Trentacinque anni è il bello della vita, quando sei forte, giovane, in salute, padre di tre figli e con tanta voglia di vivere. Probabilmente i pensieri che mi sono venuti sono gli stessi che sono passati nella testa a Emilio. “Chi mi aiuterà? Chi aiuterá i miei figli? Ce la farò a lottare da solo in queste condizioni? si è o era meglio la morte istantanea?” Eppure questa è la vita, il mistero che tutti dobbiamo affrontare con tutti i suoi problemi fino alla morte! Per chi crede c´è la Fede in quel Signore che non abbandona, che è presente con la Provvidenza. Nelle silenziose notti di Anzaldo mi mettevo nei panni di Emilio. E se fosse toccato a me? Il Signore ci invita al nuovo “sentire” con segni, con prove, ma questa è una prova grande! Avvicino Emilio sempre in silenzio, fino a meritarmi il suo sorriso, per evitare la frustrazione. Parliamo di come evitare l´infezione, di come fare a riportare la speranza e la fiducia nella vita. Gli parlo con il cuore della mia preoccupazione perché non si lasci andare come Alberto, Julian e Juan, paraplegici come lui che ci hanno lasciato ancora giovani per non aver avuto la forza di superare la prova.

Ma gli parlo anche di Jacinto, da anni sulla sedia a rotelle, che ha dimostrato a sé, alla sua famiglia e a tutti di riuscire a farcela e ad essere indipendente. Egli è giostraio e gira con la sua casa-camion per le sagre di paese, dando un preciso obiettivo alla sua vita: raccogliere quanto è sufficiente per comprarsi prima un terreno e poi la casa a Cochabamba. Di recente ha fatto un incidente e il vecchio rottame da lui modificato, saldando sul volante artigianalmente tutti i comandi dei piedi, è andato distrutto, ma per fortuna Jacinto ha salvato la vita. Storie che qui parlano di coraggio, di valori, di voglia di farcela.
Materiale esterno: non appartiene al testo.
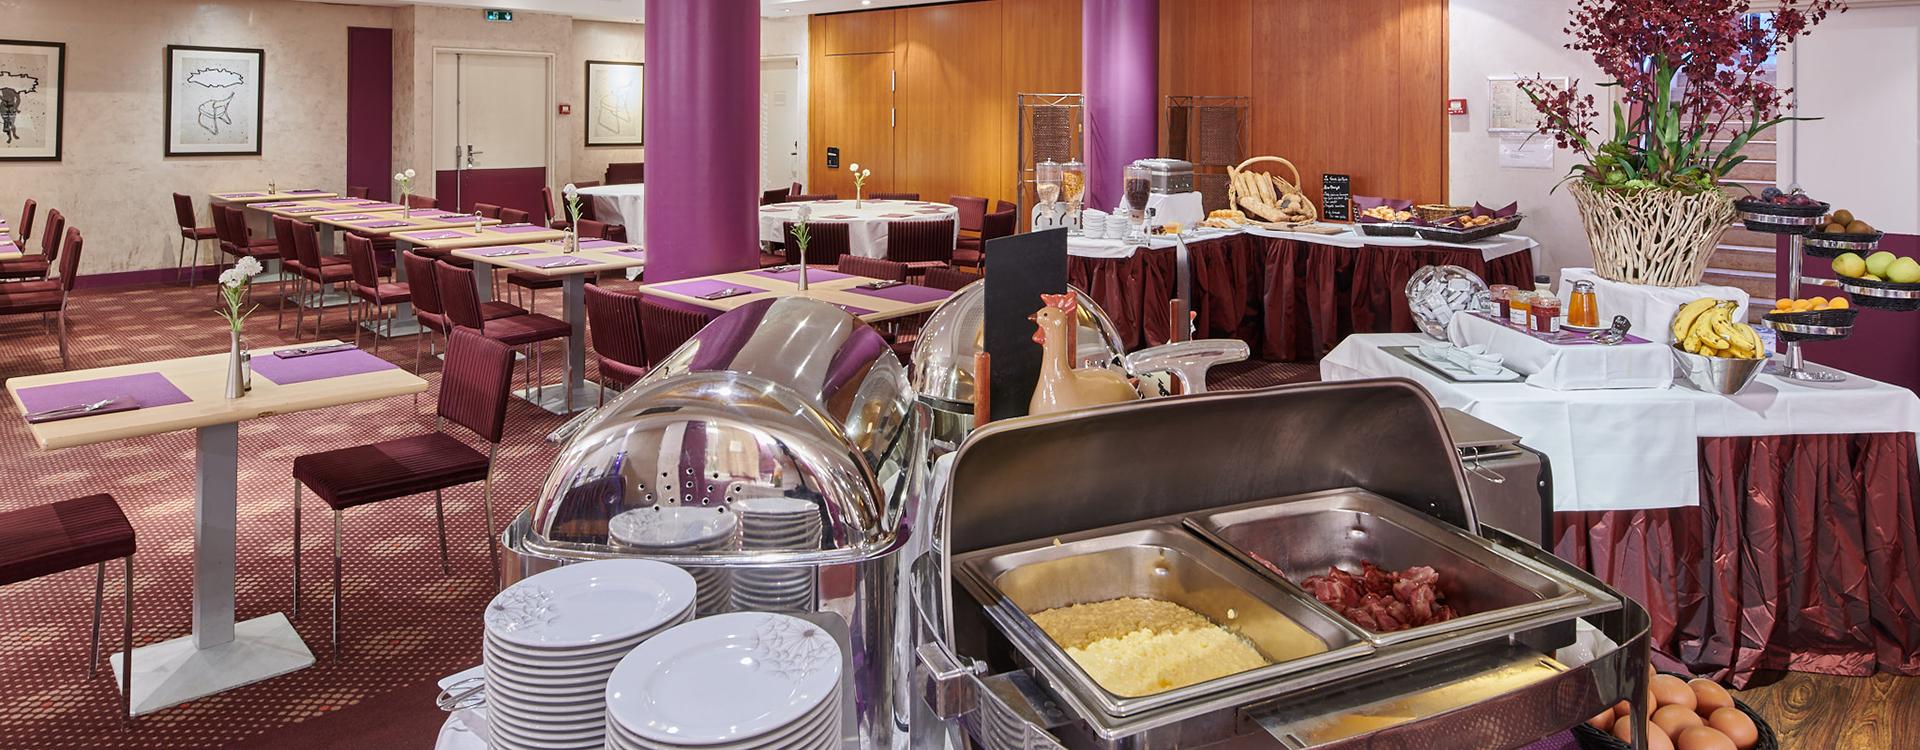 restaurant villa modigliani

Ora tocca a Emilio, meglio, tocca a noi con Emilio. Se lasciato solo, è difficile che riesca umanamente a farcela! In Italia mi dicono che un paraplegico si segue almeno un anno in centri di recupero ospedalieri per favorire il suo recupero, assistendolo poi anche a casa sua con fisioterapisti, infermieri e personale di sostegno. Anche qui, forse più che da altre parti, si tocca la mano della Provvidenza: arrivano di passaggio Marisa e Ivan del Friuli-Venezia Giulia. Sono fisioterapisti. Li informiamo sulla situazione di Emilio, lo avvicinano e iniziano subito a insegnargli i primi esercizi. Viene messo sulla sedia a rotelle e viene portato fuori dal letto e dalla stanza. E la speranza rispunta forte!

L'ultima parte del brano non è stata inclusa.